◆ **Information provided**

________________________________________

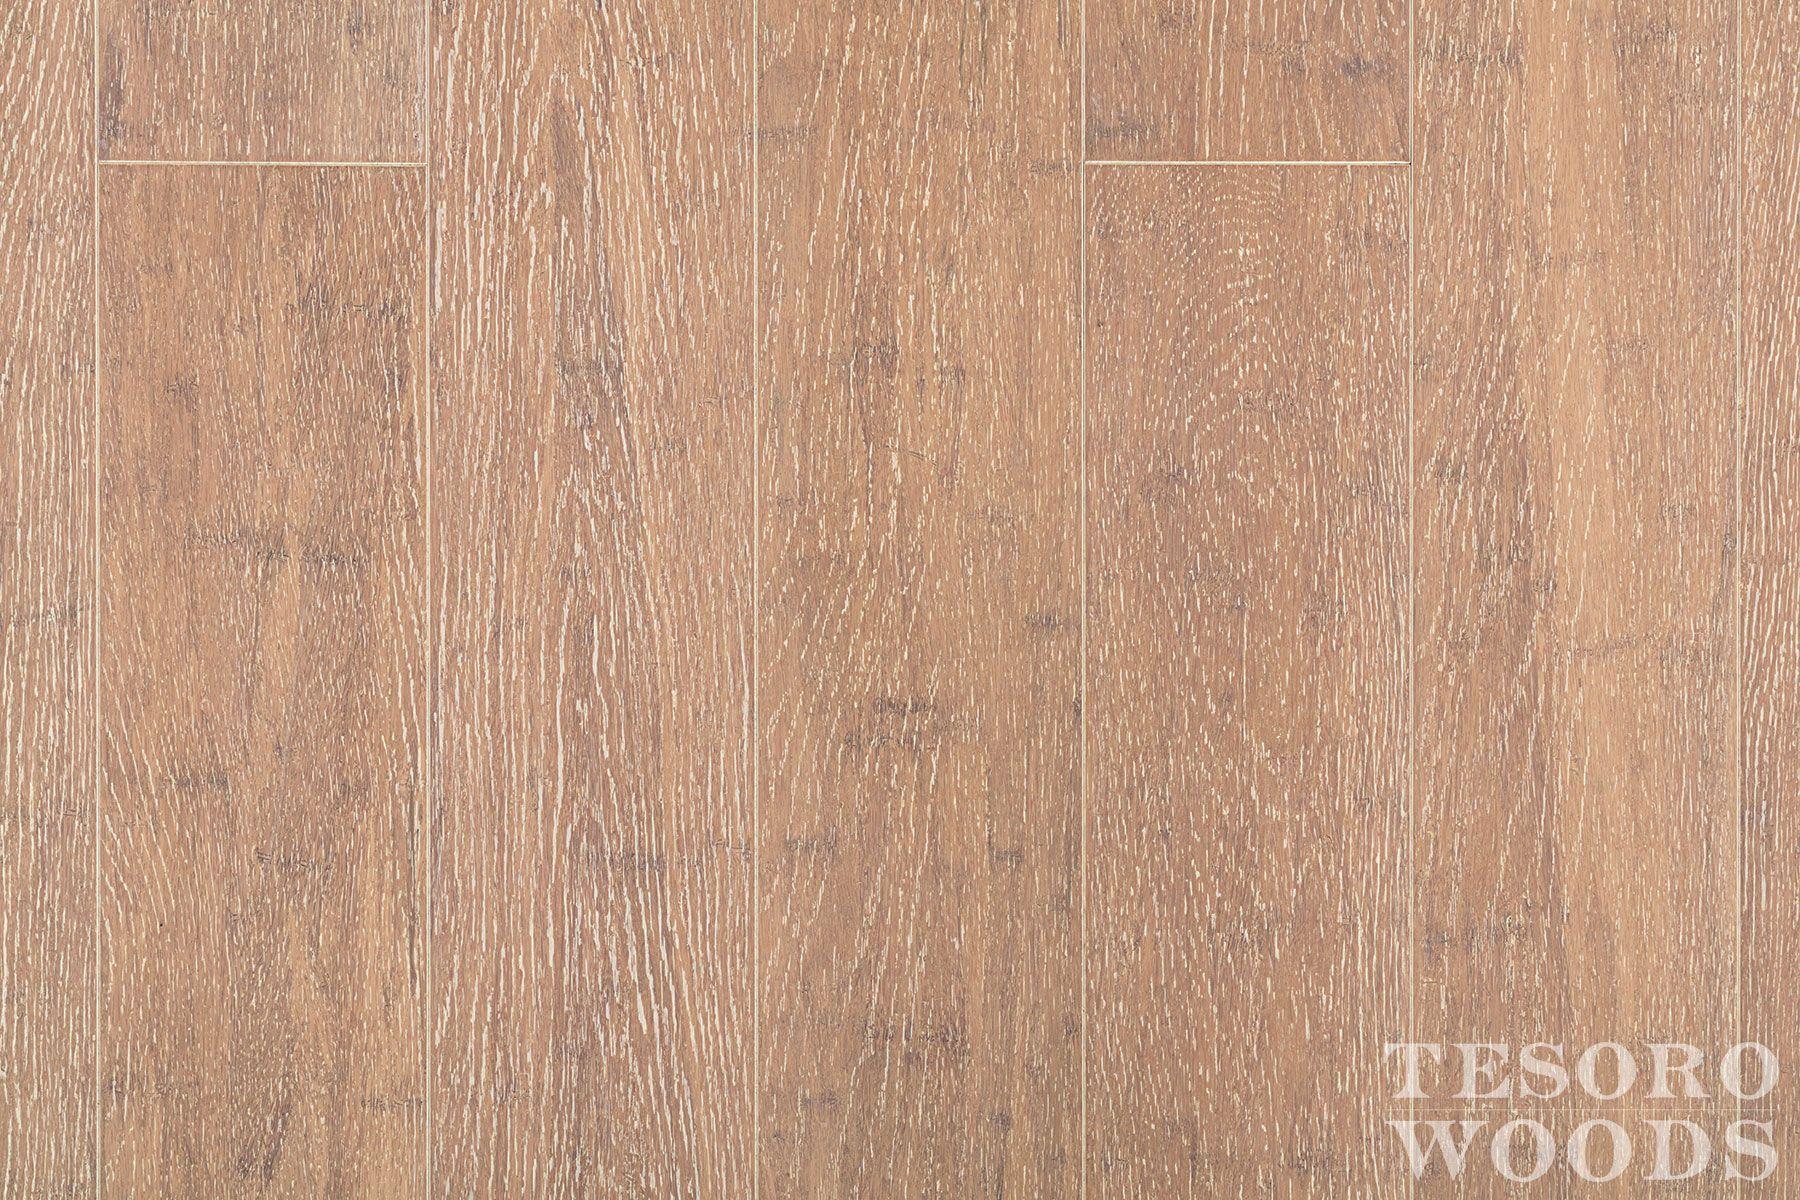 Super Strand Bamboo Fawn Wood Floors Strand Bamboo Flooring
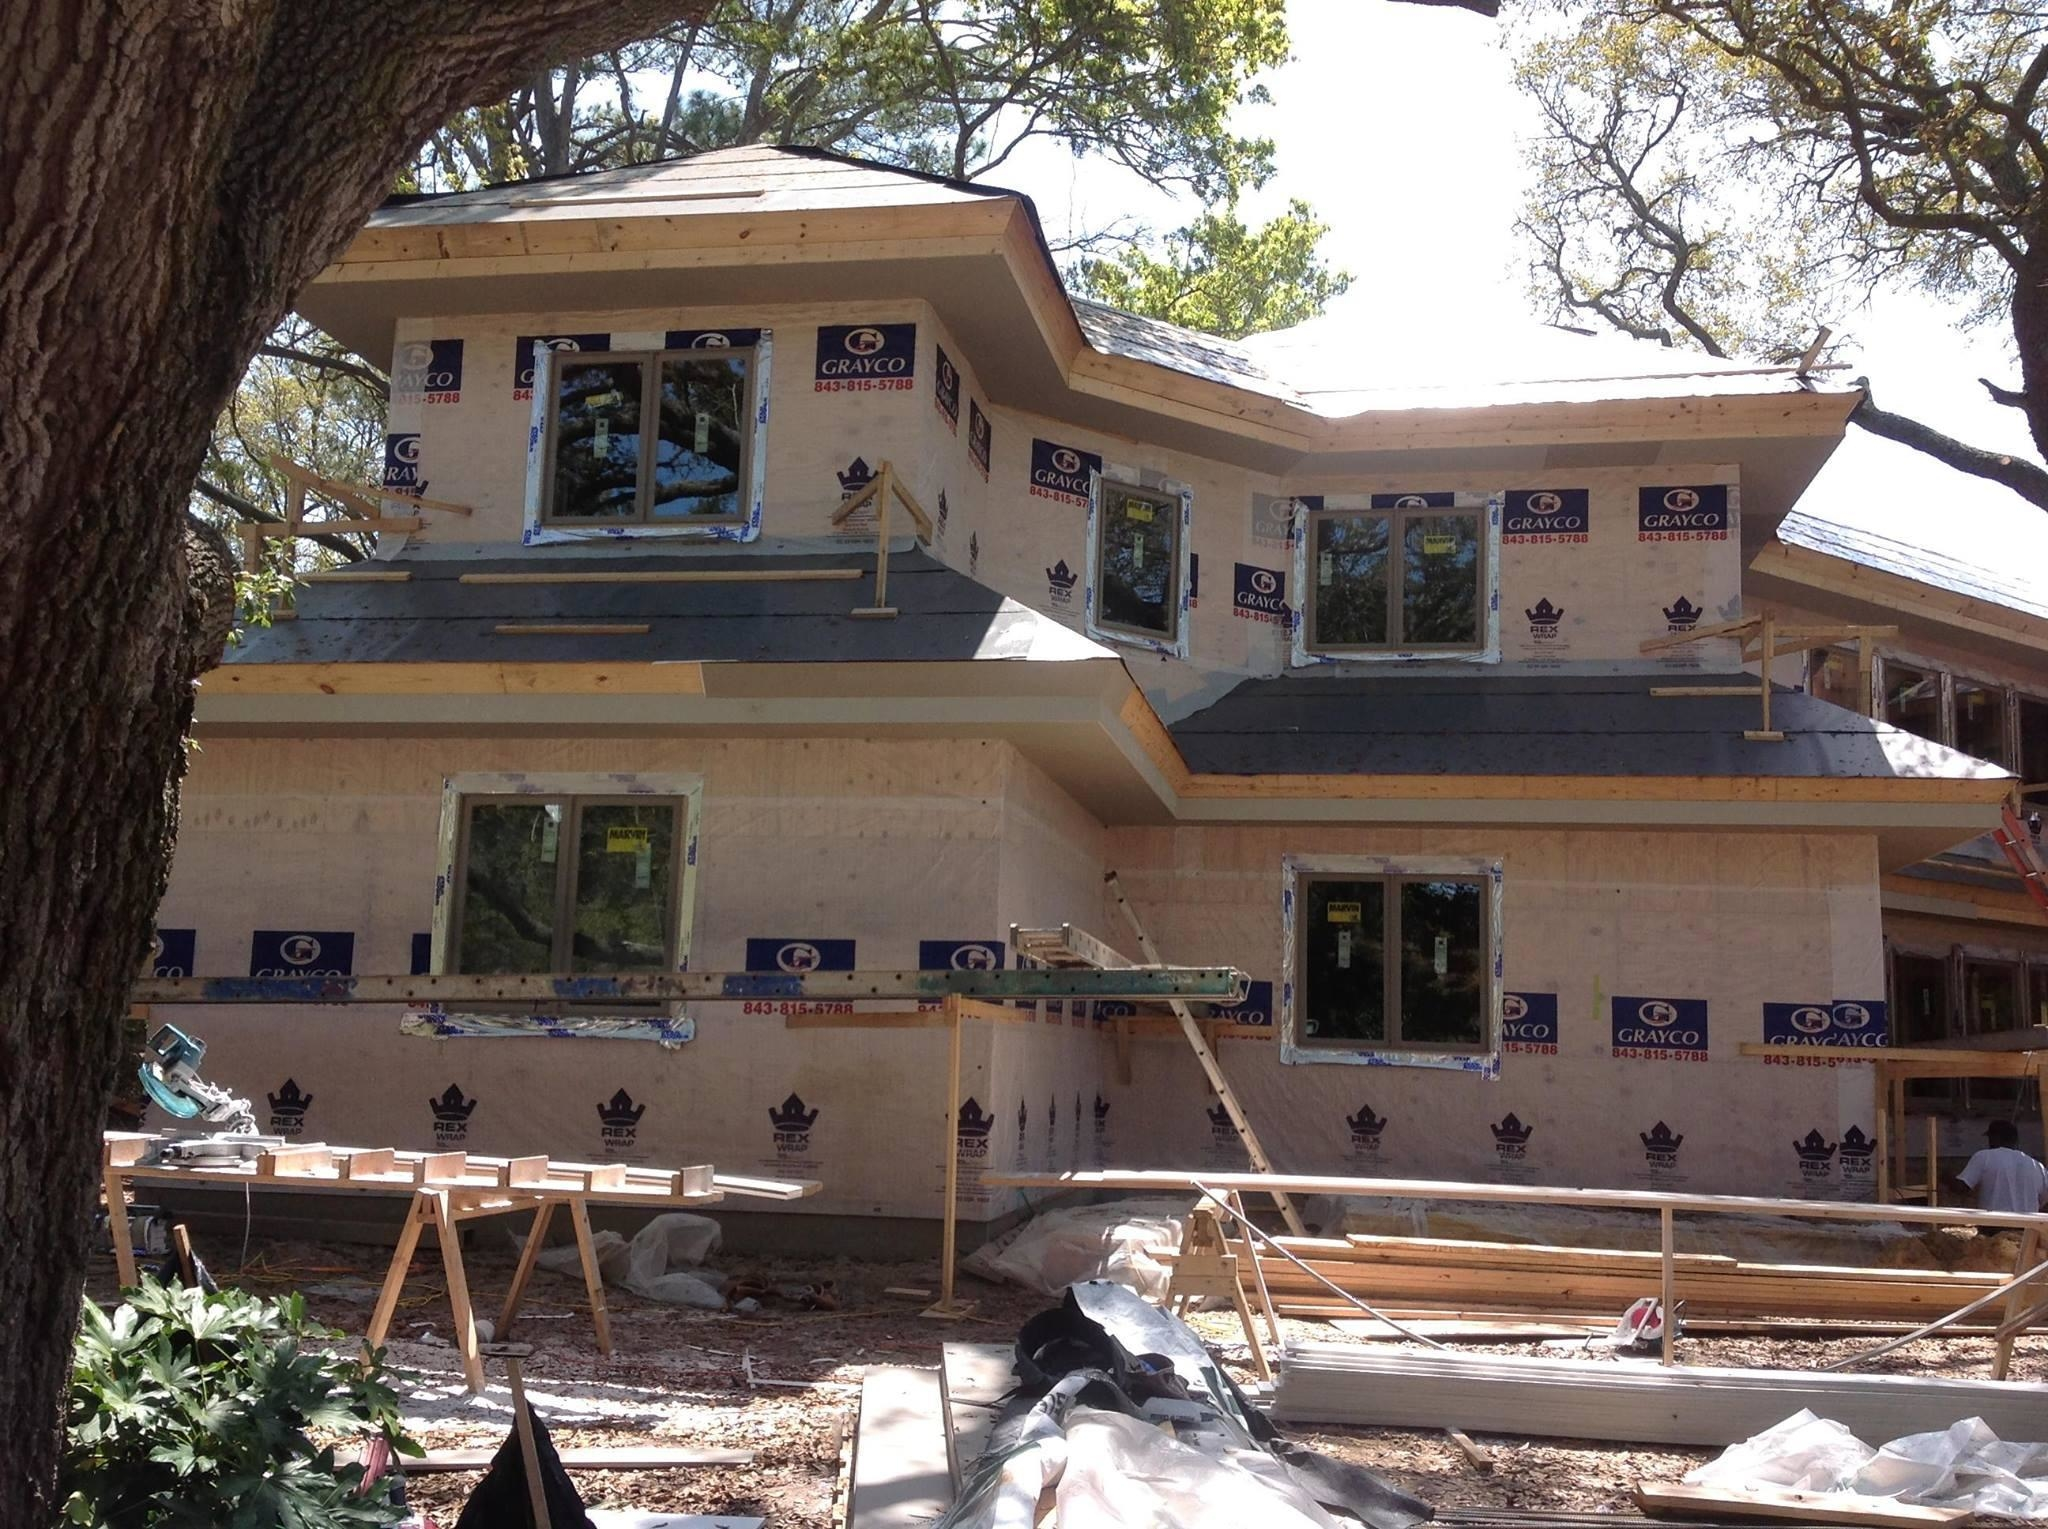 RoofCrafters-Savannah image 98
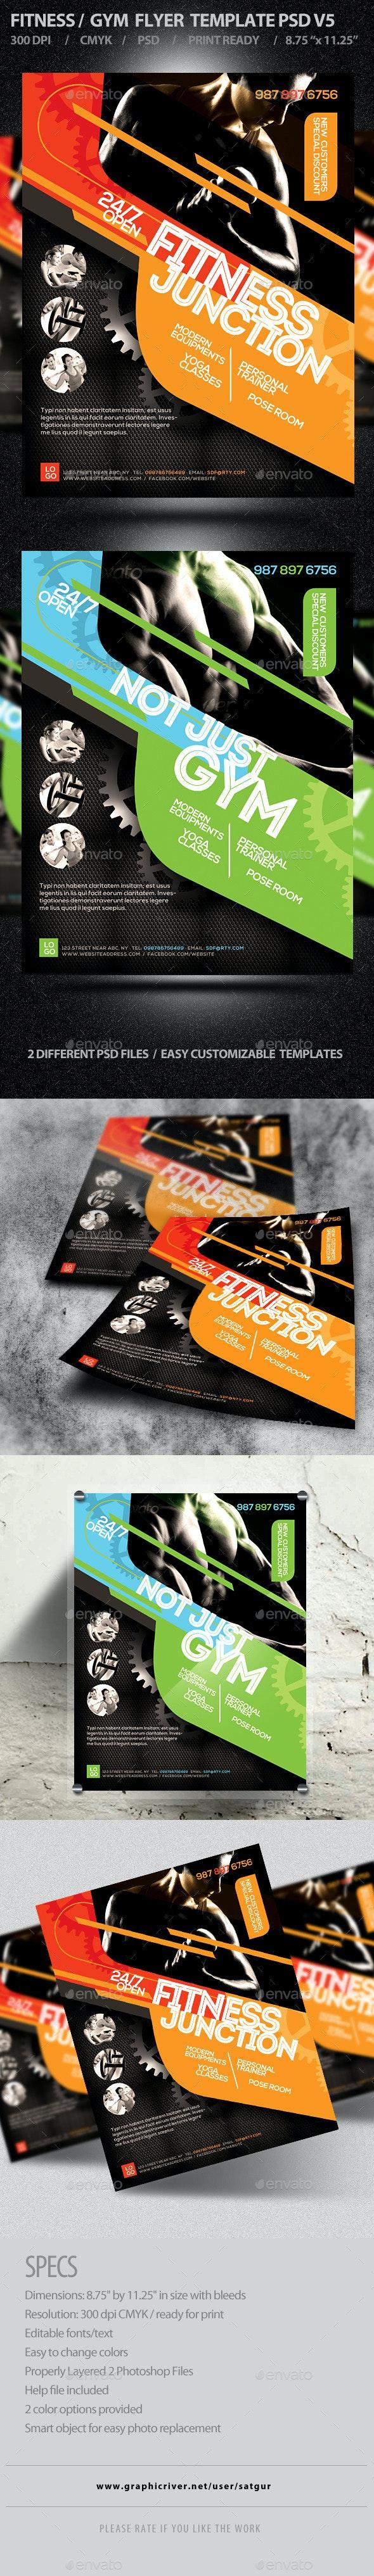 Fitness/Gym Business Promotion Flyer V2 - Corporate Flyers

________________________________________

◆ **What you should do**
Print only the lines running from the line that contains "RoofCrafters-Savannah image 98" to the final line of the listing, both included. Omit every picture.

◆ **Solution to the problem**
 RoofCrafters-Savannah image 98
 Fitness/Gym Business Promotion Flyer V2 - Corporate Flyers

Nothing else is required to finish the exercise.